Virginia-based ICF International was notified in a termination letter on Dec. 6 that it would no longer be needed for "disaster recovery program operations, support, intake and outreach services" for Harris County's Project Recovery program.
The letter doesn't mention performance issues, instead citing a "convenience" clause in ICF's contract. ICF, which is a public company that is not a governmental agency, was hired by the county in February.
Harris County Judge Lina Hidalgo said the county "did not see the sense of urgency or the results we needed to see by any means."
"The programs they were working on were incredibly important recovery programs for folks who suffered during Hurricane Harvey who are waiting for support. Incredibly heartbreaking stories, and we couldn't afford to have a vendor that wasn't delivering," Hidalgo said.
However, in a statement to 13 Investigates, ICF said it stands by its work. The company disagrees with how broadly the county characterizes its role within the program, saying that ICF is responsible for less than a third of the "multistep, complex process."
"We understand that there are elements of the program - mostly outside of our limited scope - that could help things move faster for county residents. We worked diligently with the County to recommend those elements, but ultimately the County opted to move in their own direction instead," the company said in its statement. Read ICF's full statement at the end of the story.
Read the termination letter - on a mobile device? Click here to open.
The firing comes after 13 Investigates reported two weeks ago that not a single homeowner had received aid from the county's $800 million program for Harvey storm victims.
"I wasted hundreds (of dollars) in gas money alone gathering and delivering documents to them," said Drew Gadd, who applied for aid earlier this year. "I feel let down really. ... People like me will lose everything."

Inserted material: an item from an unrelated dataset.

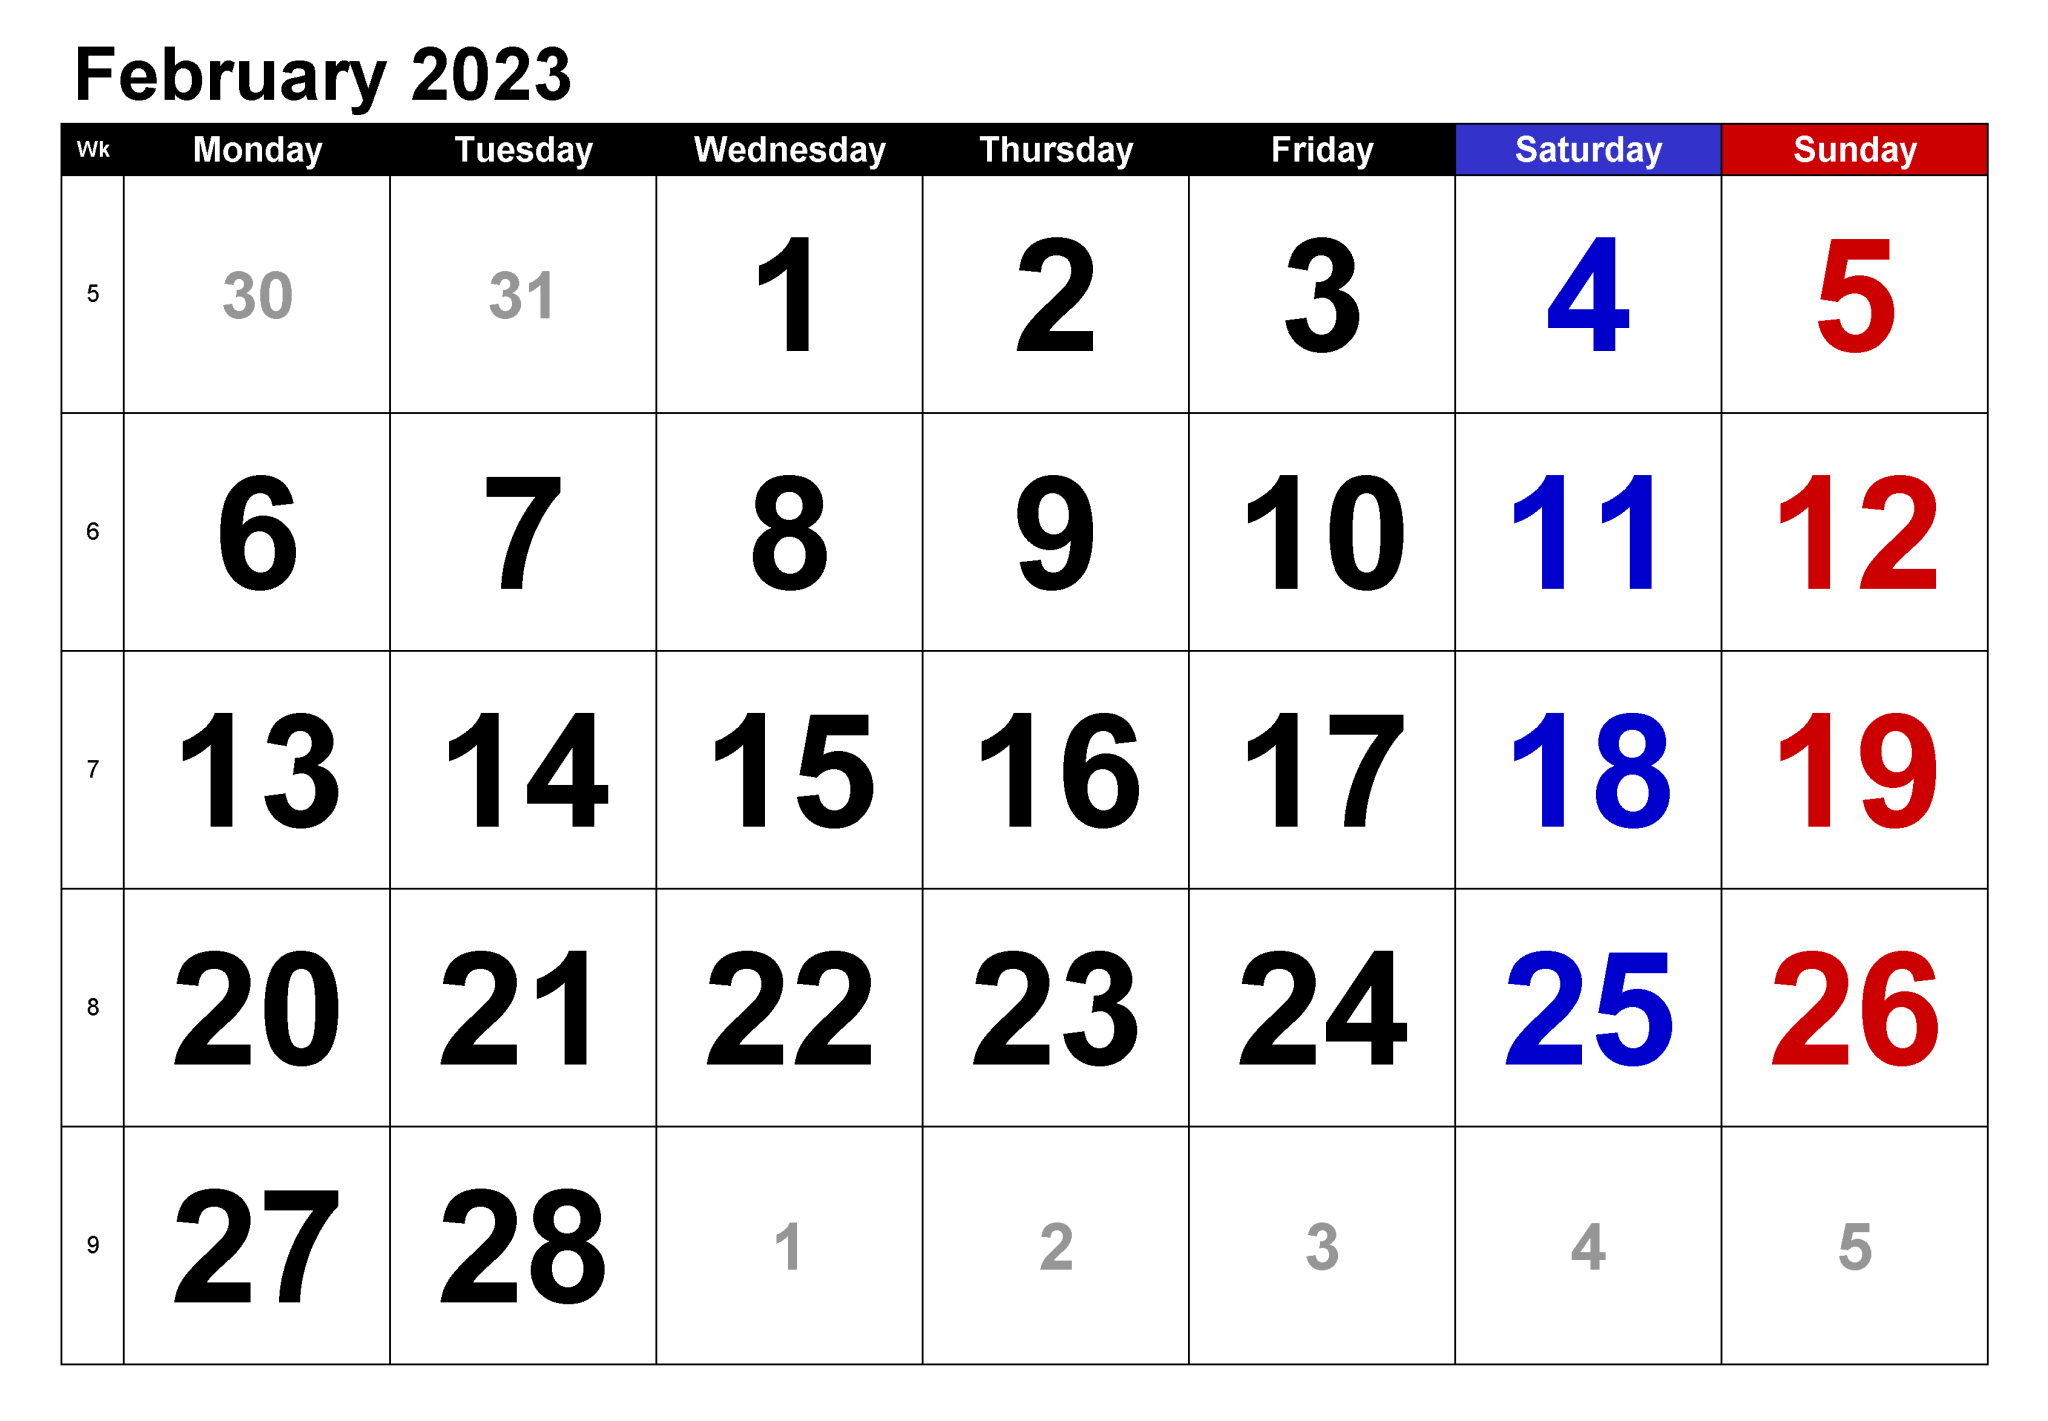 February 2023 Calendar - Celebrate President's Day

RELATED: 13 Investigates: How many people have received aid from Harris County's Harvey program? Zero.
Gadd is among more than 5,700 homeowners who have either filled out pre-application surveys or have been invited to apply to the county's program.

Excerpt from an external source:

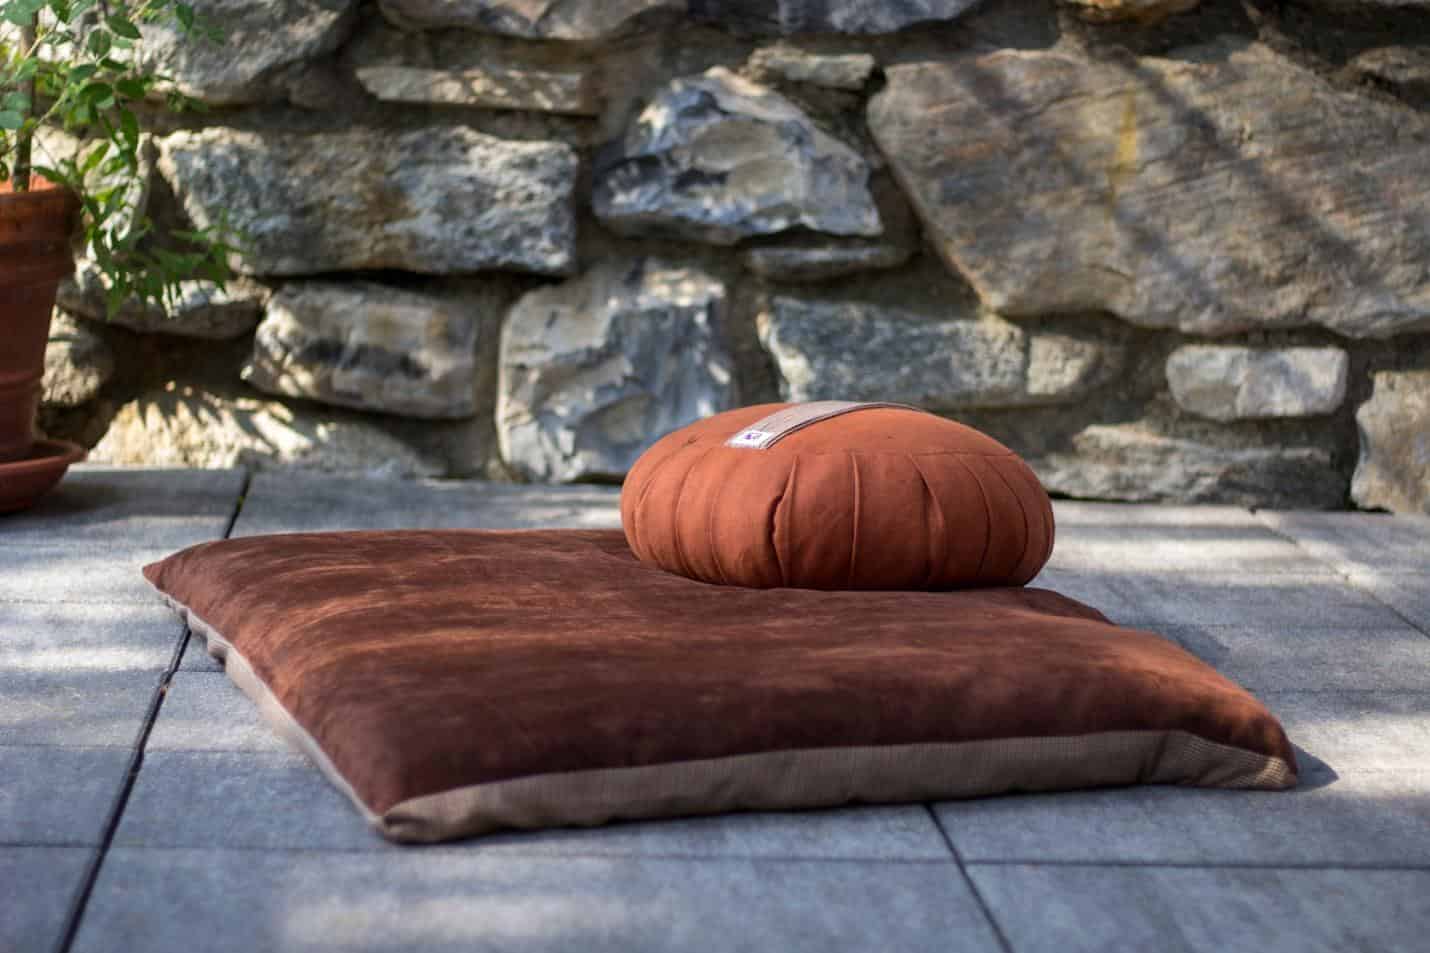 Do you need a meditation cushion

On Nov. 21, 13 Investigates reported that zero reimbursement checks were issued, zero homeowners had been helped by a buyout program and zero hammers were swinging to rebuild storm victims' homes. Yet, at that point, the county had already paid ICF $1.3 million.
Since our investigation aired, three homeowners have received reimbursement checks through the county's program, including a North Shore resident in Northeast Harris County who received a $44,752 check. Another Northeast Harris County resident received a $21,992 check and a Spring resident received a $27,801 in reimbursements. No buyouts or repairs have started.
Changes to the program
The county recently hired nonprofit Baker Ripley as a second intake vendor, was brought on to help increase the volume of applications amid ICF's lack of progress.
Last month, Daphne Lemelle, community development director at the Harris County Community Services Department, said ICF had only turned over 500 applications, all of which were incomplete.
"If we believe that their performance is not up to par, which is something we continue to review every month, every day, every week, we will let them know where they stand and that's why we had to bring on another intake vendor," Lemelle told 13 investigates last month.
There's currently 10 intake centers, including five that are operated by Baker Ripley and five that were operated by ICF.
The termination is effective Jan. 6, 2020, giving the company time to "ensure a smooth and timely transition of operations."
As part of the termination letter, the county says it will retain all of the intake centers operated by ICF, in addition to retaining other services vital to the continuation of the program. That includes keeping outreach strategists on board as well as transitioning call center services.
Harris County's program is separate from the Harvey recovery aid program operated by the City of Houston. However, the city also has an active contract with ICF for outreach and intake.
In Houston, the city's latest pipeline report from November 29 shows 84 individuals have received aid from the city's Homeowner Assistance Program.
In the accompanying video we refer to ICF as a private company, meaning they are not a governmental agency. ICF is a publicly traded company.
ICF International's full statement below:
"We stand by our work in Harris County. Our priority is, and has always been, to help Harris County residents get back on their feet and on the path to recovery. When ICF partners with communities following a disaster, we are completely focused on ensuring recovery work is done in a way that makes the community more resilient to the next natural disaster.
It is important to note that ICF is directly responsible for outreach, intake and the initial application submission process, which accounts for less than a third of what is a multistep, complex process. What happens after we submit applications is managed by the County and its other subcontractors.
We have provided help to over 17,229 potential applicants, initiated intake for 8,476 households and submitted over 800 full applications. In each of these areas, we delivered. Each metric is ahead or on par with expectations, and metrics were accelerating rapidly.
We understand that there are elements of the program - mostly outside of our limited scope - that could help things move faster for county residents. We worked diligently with the County to recommend those elements, but ultimately the County opted to move in their own direction instead.
We will fully support the County during this transition and take whatever steps we can to ensure the best outcomes for residents."